▸ Source information:
=== Section Start ===
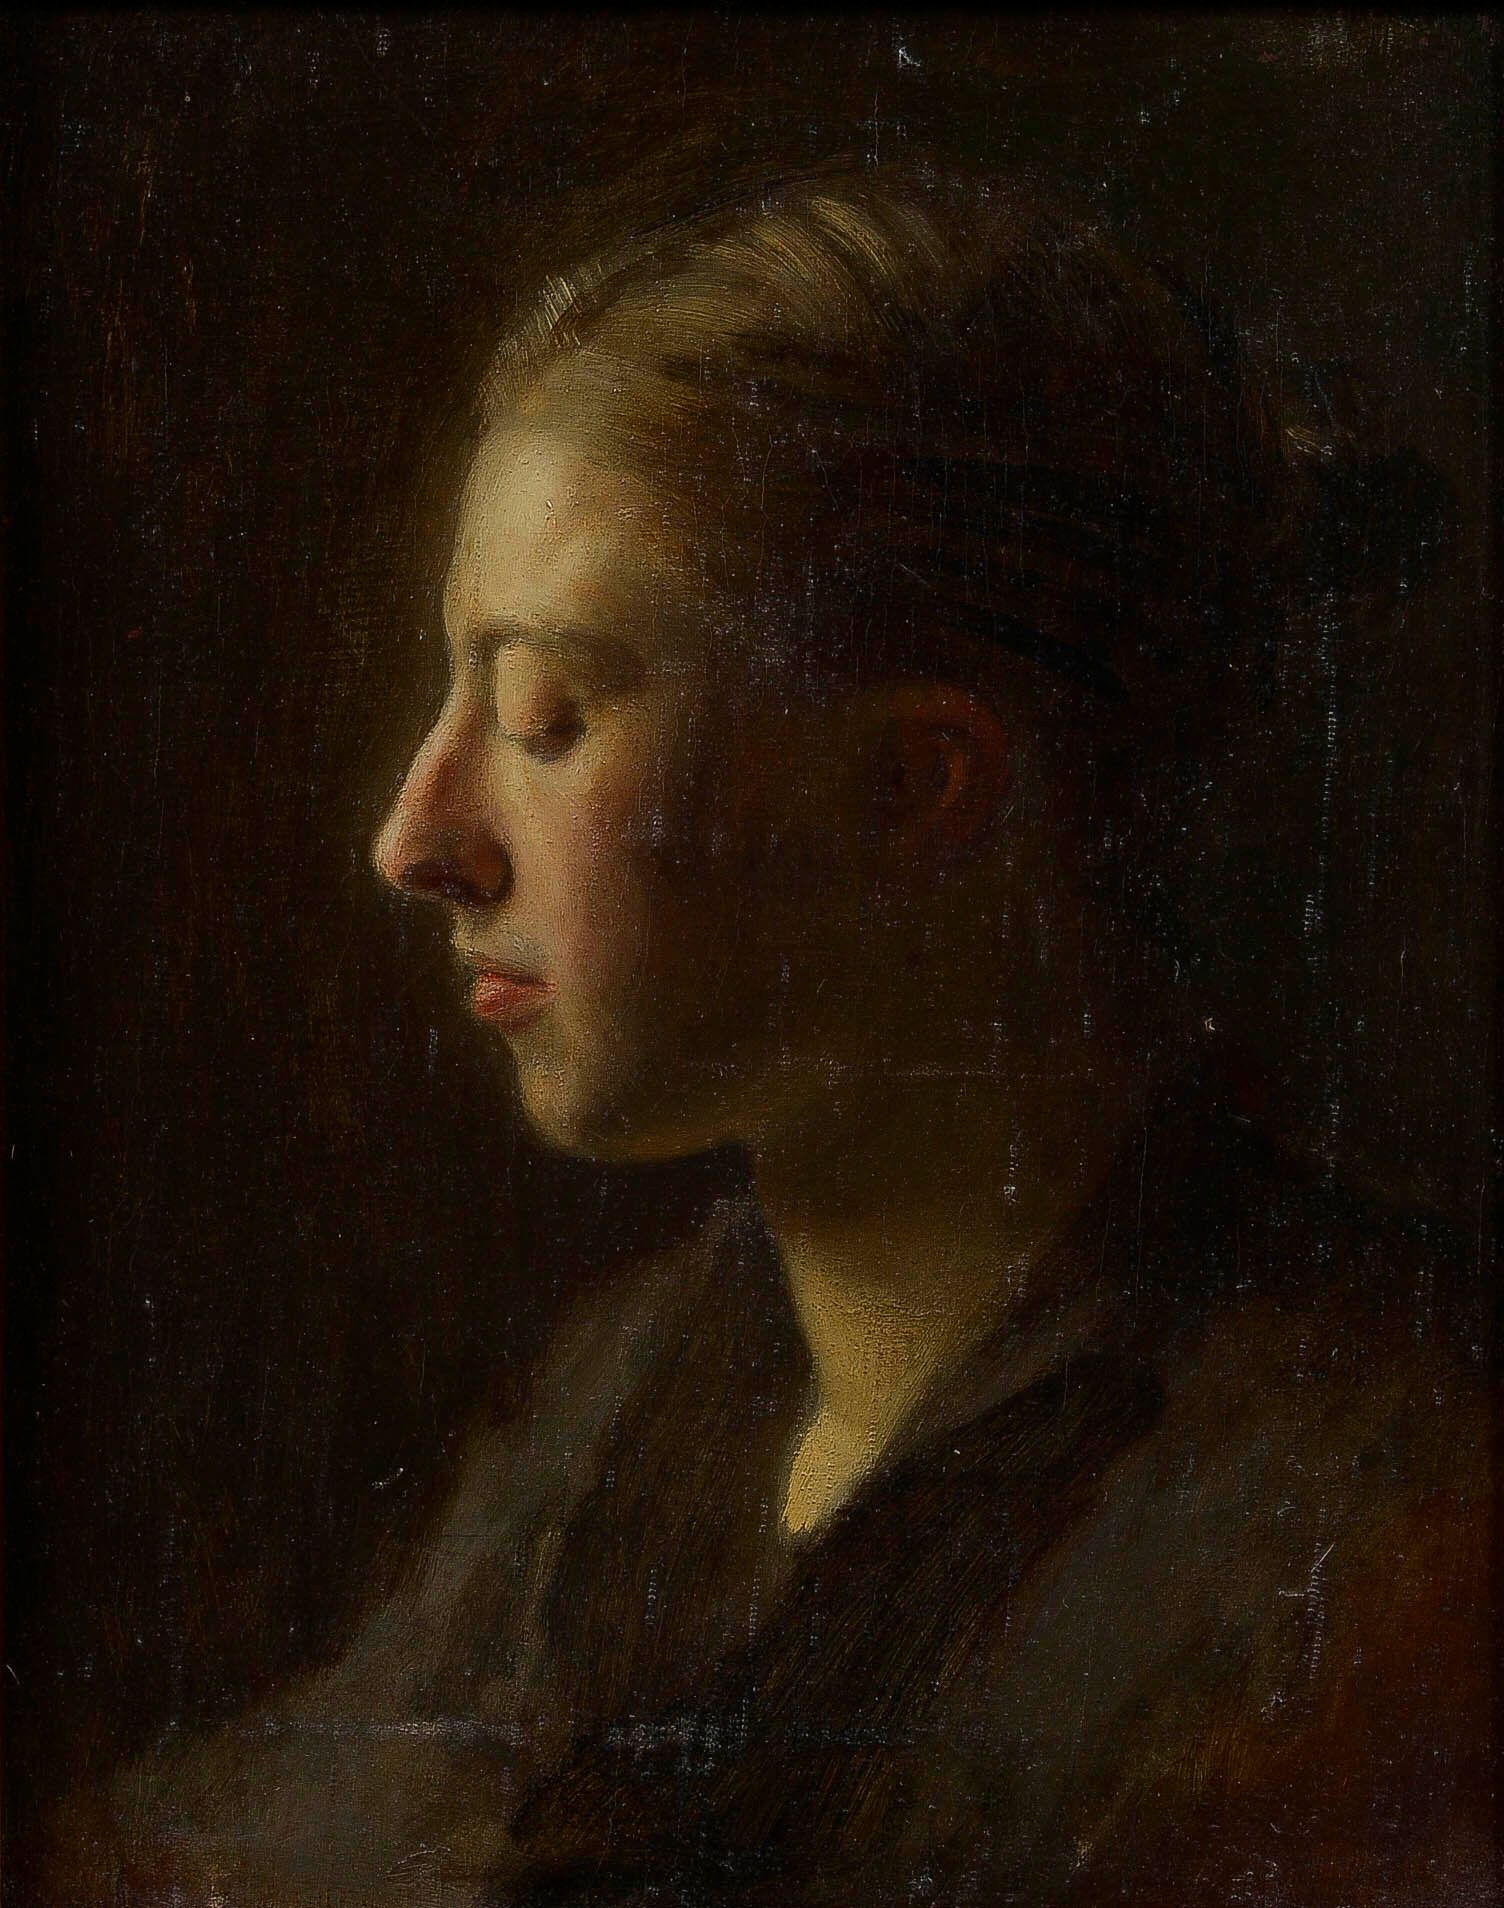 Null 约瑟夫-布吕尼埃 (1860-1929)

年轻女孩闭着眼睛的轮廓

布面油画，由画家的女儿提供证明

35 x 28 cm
=== Section End ===
=== Section Start ===
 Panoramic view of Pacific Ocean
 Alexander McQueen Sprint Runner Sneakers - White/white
=== Section End ===
=== Section Start ===
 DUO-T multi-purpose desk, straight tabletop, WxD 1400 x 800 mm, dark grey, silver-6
=== Section End ===
▸ How to complete this task:
All lines above from the one holding "Panoramic view of Pacific Ocean" to the one holding "Alexander McQueen Sprint", inclusive, are to be copied exactly; no other line is wanted.

▸ Response to this exercise:
 Panoramic view of Pacific Ocean
 Alexander McQueen Sprint Runner Sneakers - White/white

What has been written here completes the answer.